━━━ DATA EXTRACTS

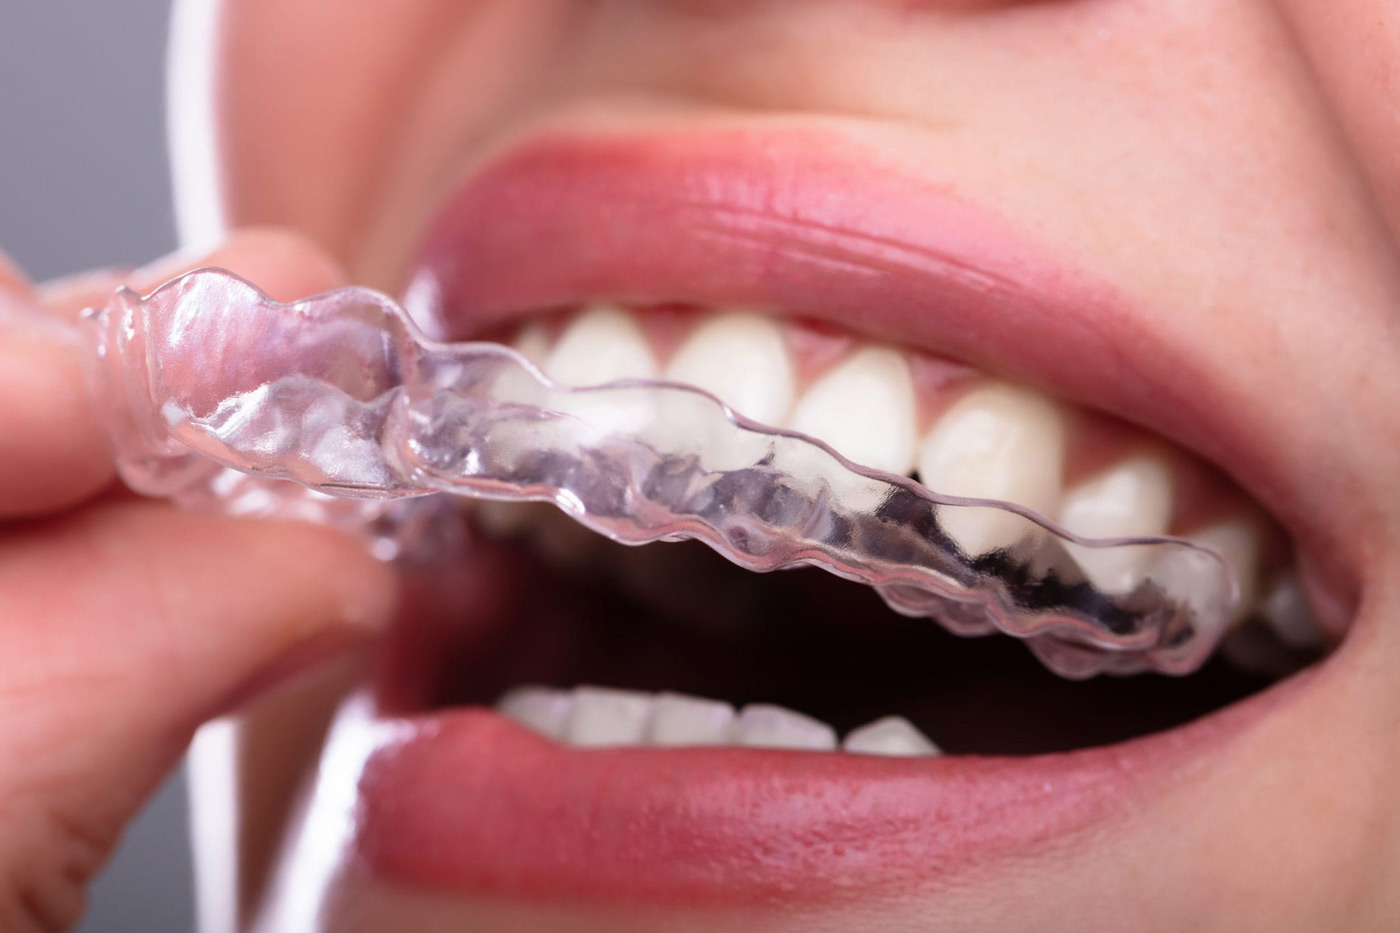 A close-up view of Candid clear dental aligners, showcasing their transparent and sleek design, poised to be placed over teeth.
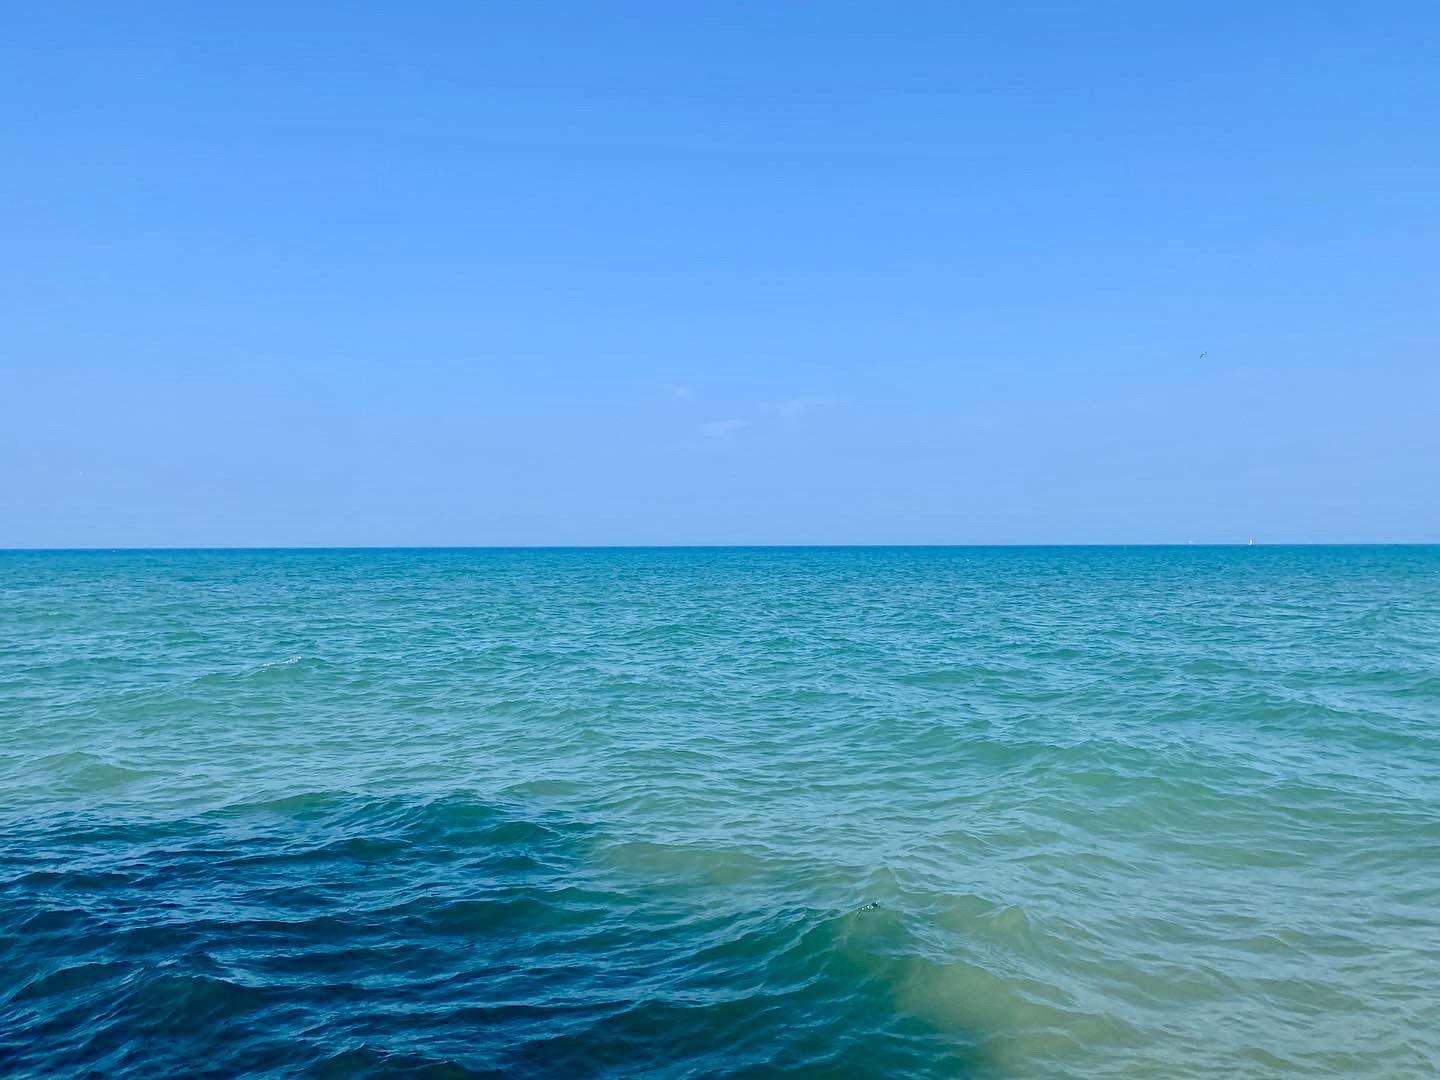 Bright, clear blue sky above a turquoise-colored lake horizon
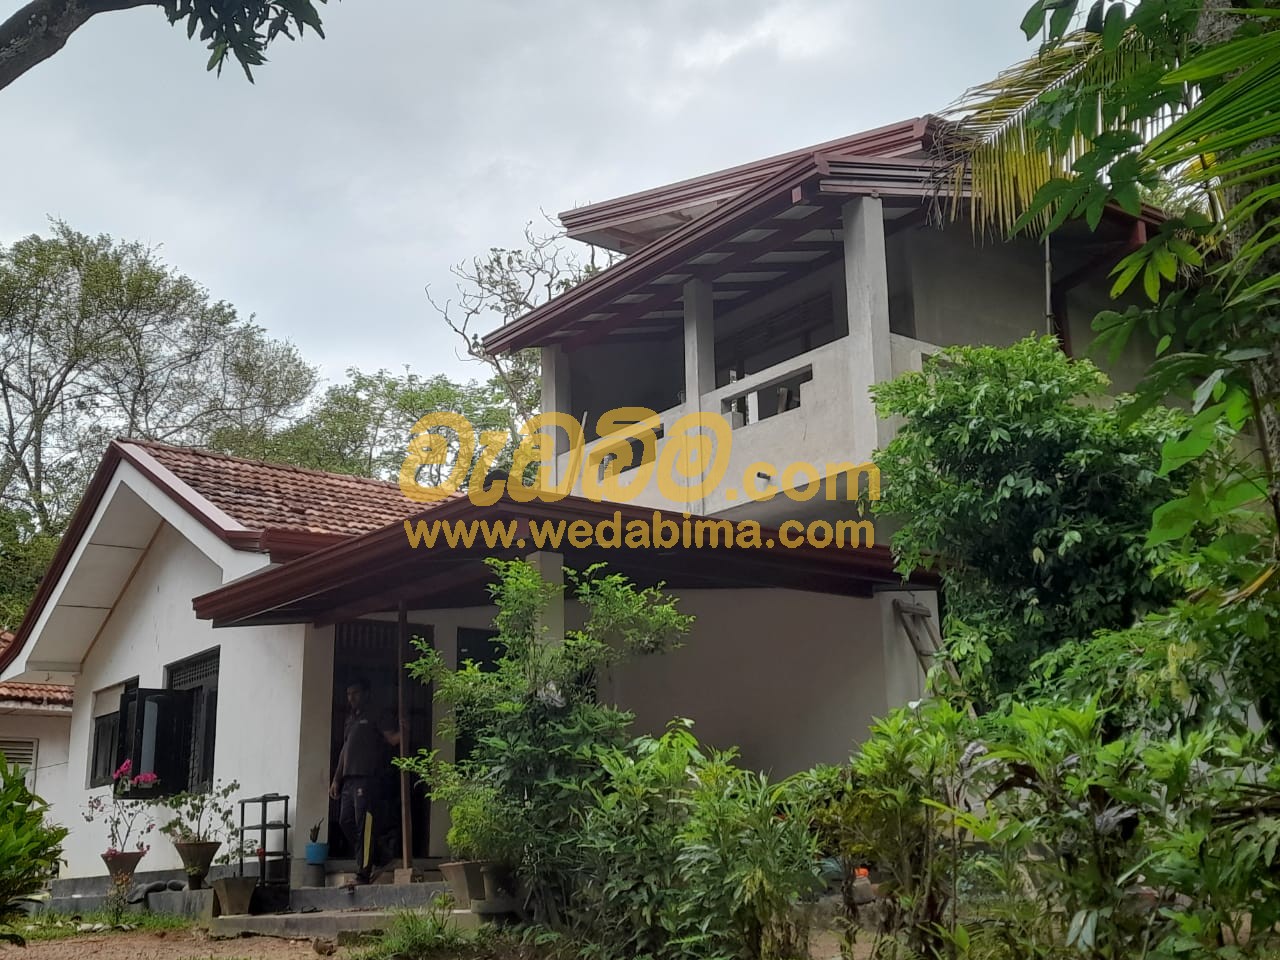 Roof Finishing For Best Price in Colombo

━━━━━━
━━━ DATA EXTRACTS

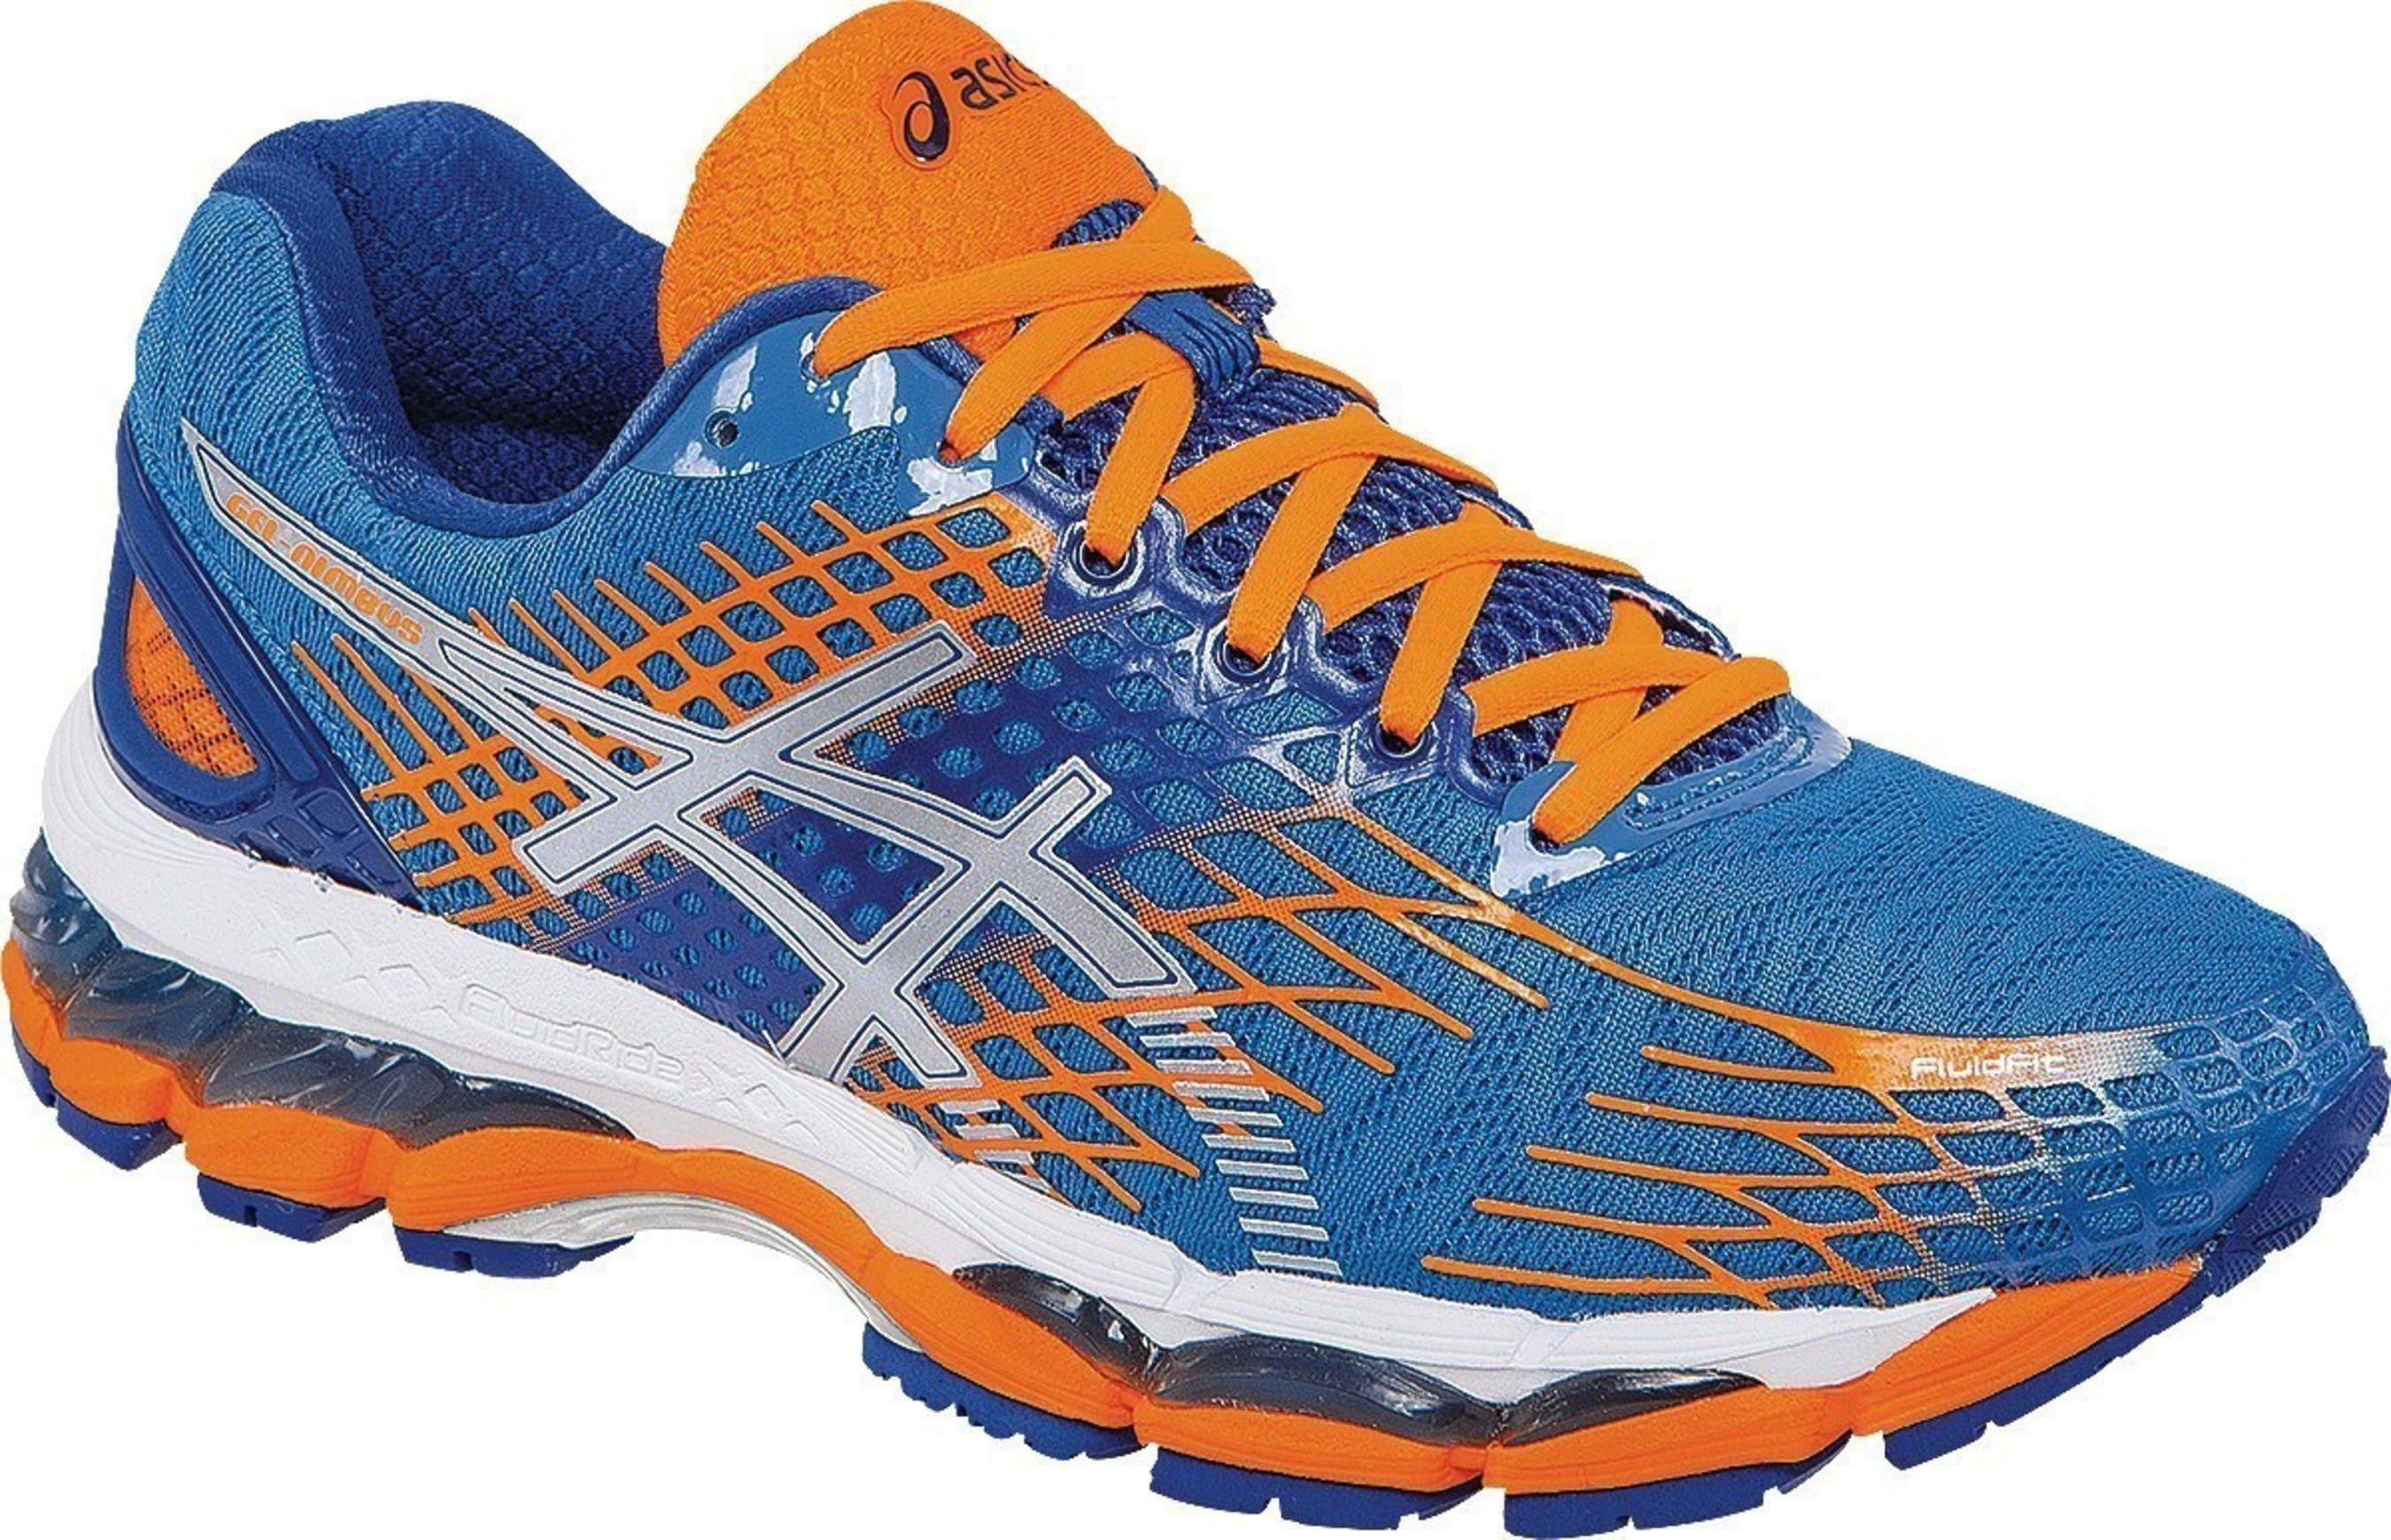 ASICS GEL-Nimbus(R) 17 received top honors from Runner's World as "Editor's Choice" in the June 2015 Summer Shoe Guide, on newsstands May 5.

━━━━━━

● **EXERCISE OBJECTIVE**
Beginning with the line holding "A close-up view" in the material above, restate word for word each line through the line holding "Roof Finishing For Best Price in Colombo", and exclude pictures.

● **WORKED SOLUTION**
 A close-up view of Candid clear dental aligners, showcasing their transparent and sleek design, poised to be placed over teeth.
 Bright, clear blue sky above a turquoise-colored lake horizon
 Roof Finishing For Best Price in Colombo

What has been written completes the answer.